Have you ever watched TV shows like ‘Idols’, ‘The Voice’ or ‘Britain’s Got Talent”? These shows are very popular. And for good reason. We love to see others show their often hidden talents.
But next to those that show their talents, there are also many who fail. There’s something interesting about these people. Something that has nothing to do with their (lack of) talent on stage.
When you watch the interviews before their performances, you might notice something. Most of those who fail have something in common: their moms. Broader: their families and friends.
These families all say similar things. “She has always been singing at home and I always get goosebumps!” or “We love hearing him sing in the shower!”. They are proud. Genuinely proud. They are entitled to be.
But they are not always right.
They say these things because they are family. Even though what they say might not be true. Because they don’t want to hurt their loved ones. But some also because see their relatives in a different way. They believe in them. You could say that they are in a bubble. One that will make the performer sound good. Even if they are bad.
You need feedback
To improve as a speaker, you need feedback. I’ve talked about getting feedback before, like in this video.
It’s crucial to get feedback. But not always fun or easy. You will hear things you don’t like.

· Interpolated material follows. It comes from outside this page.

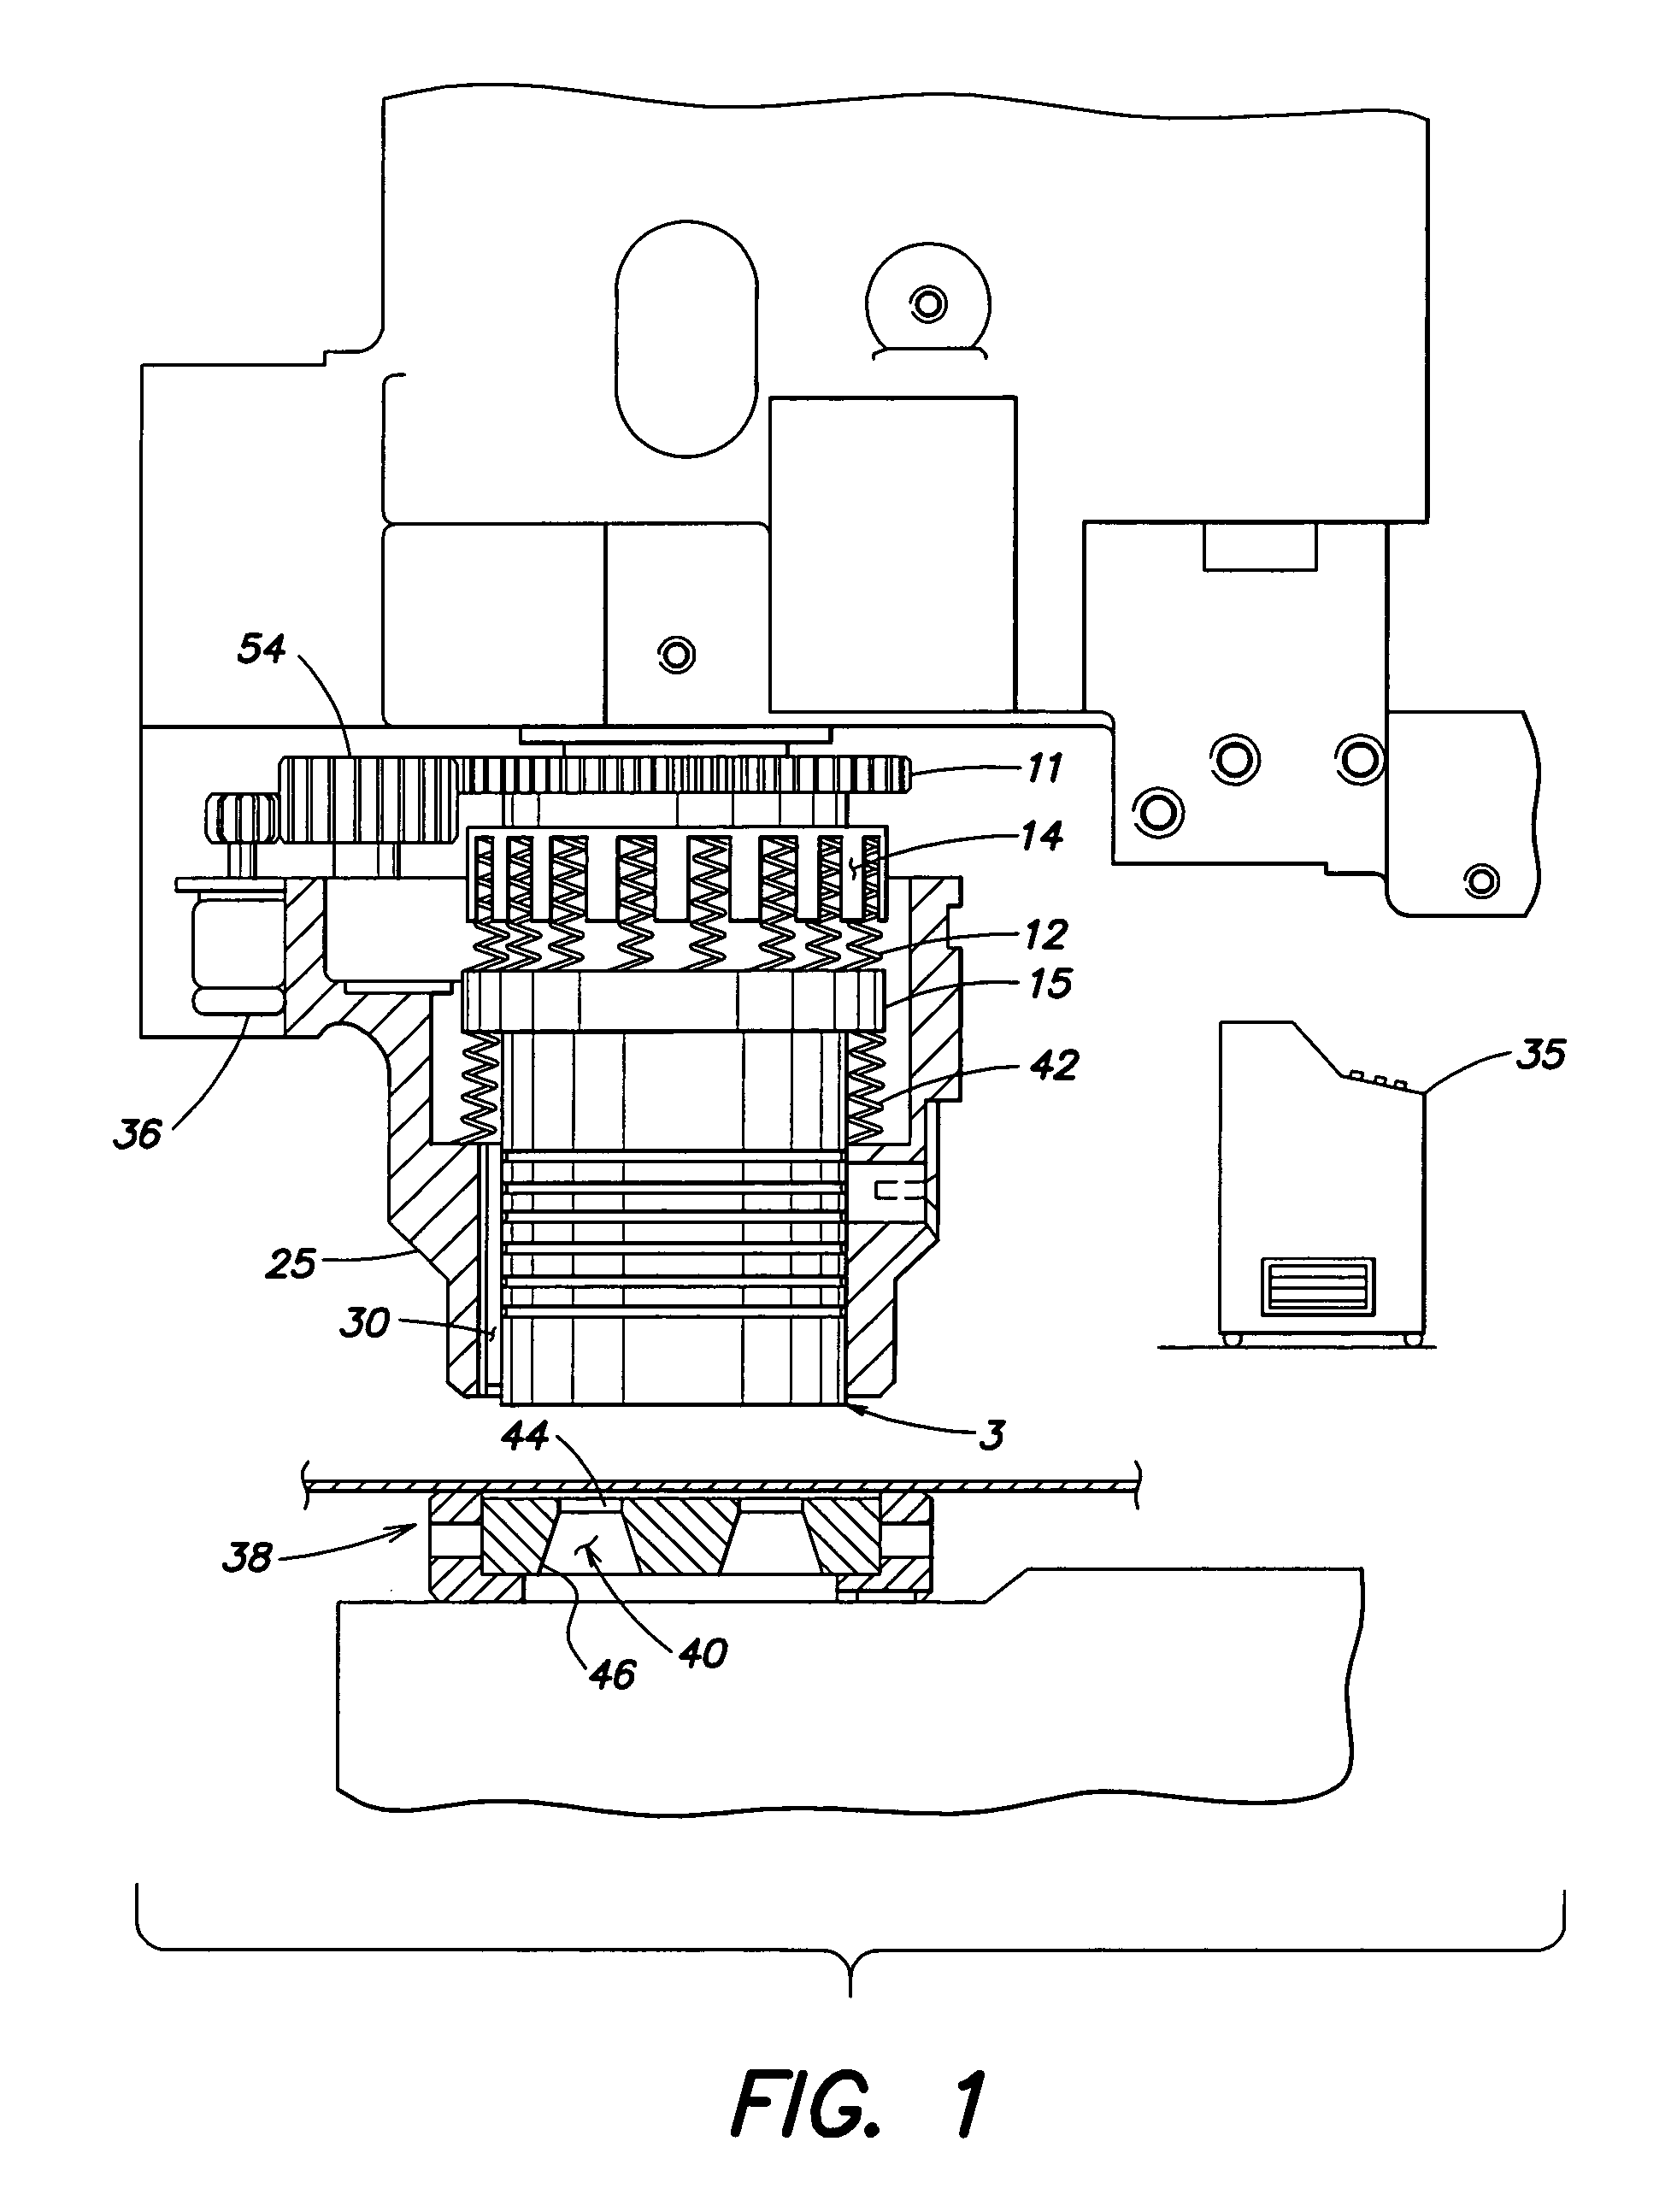 Quick-extraction punch-holder adapter for converting punching machines from a single-punch to a multiple-punch configuration
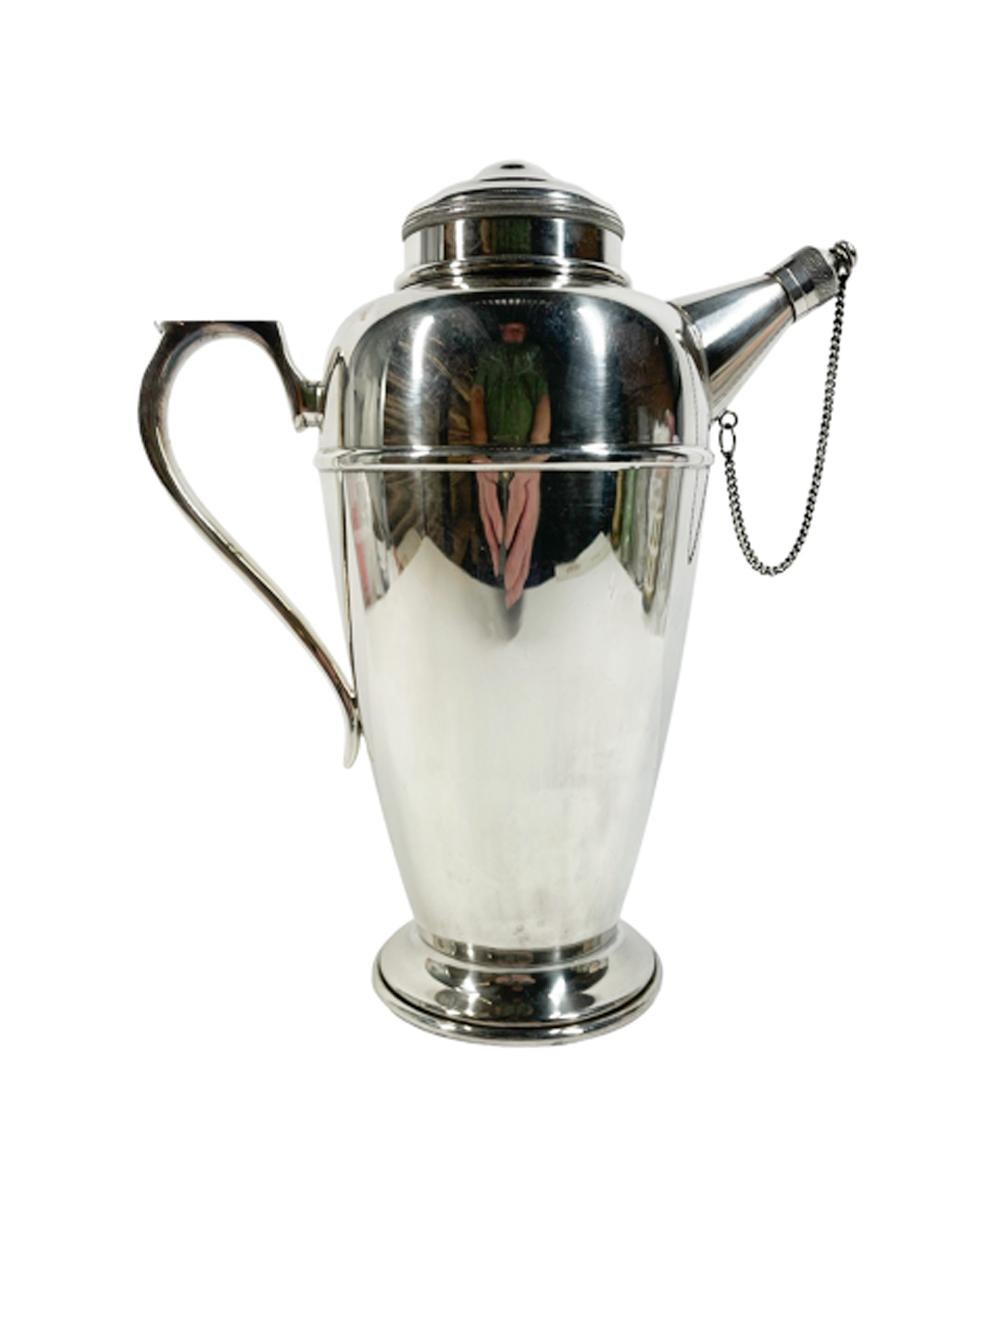 Art Deco silver plate cocktail shaker of tapered bulbous form with a scrolled handle and tapered spout with screw cap attached by chain, marked

But if you want to grow, you will need to treat the criticism as a gift. As something that will make you a better speaker.
That means you need to ask for feedback as much as you can.
But don’t ask your mom.
Like with the contestants of the talent shows, your mom, or your boyfriend or girlfriend, brother or sister, or someone else close to you, won’t be honest. They can’t. Granted, there are parents who are the most critical people you will meet. But most aren’t.
You will need to find feedback from those that have a certain expertise. Get it from someone with expertise of the content (someone from your industry). Or from someone who understands what it takes to be on stage.
Getting the right feedback
When asking for the feedback, you need to be ready. Ready for the answer, but also to help those that give the feedback to give you the best answer.
In his book “Confidence 2.0” the author, Rob Yeung, highlights three things that are important when asking for feedback. I agree very much with them. They are:
1. You need to give those you are asking for feedback ‘permission’.
Permission to be honest and negative. Make sure you tell them you want to improve. That it’s ok, in fact even good, to get negative feedback. Because that will help you improve.
2. Anonymous feedback works.
If possible, get people to give written feedback. When they write things down, they will be more honest. And when they write it down, knowing it can’t be traced to them, they will be more honest. Most people are afraid to give criticism. By making it anonymous, you help them be more honest.
3. Thank them for the feedback
Finally, make sure you thank people for their feedback. You will have the urge to reply. You will want to explain or counter. Don’t. It won’t help and people will be less eager to help you out the next time. If you ask for negative feedback, you know you won’t like it.
Accept the feedback, use it and improve.
And I’m sure your mom, dad or loved one is amazing. And loves you very much. But be careful with their feedback!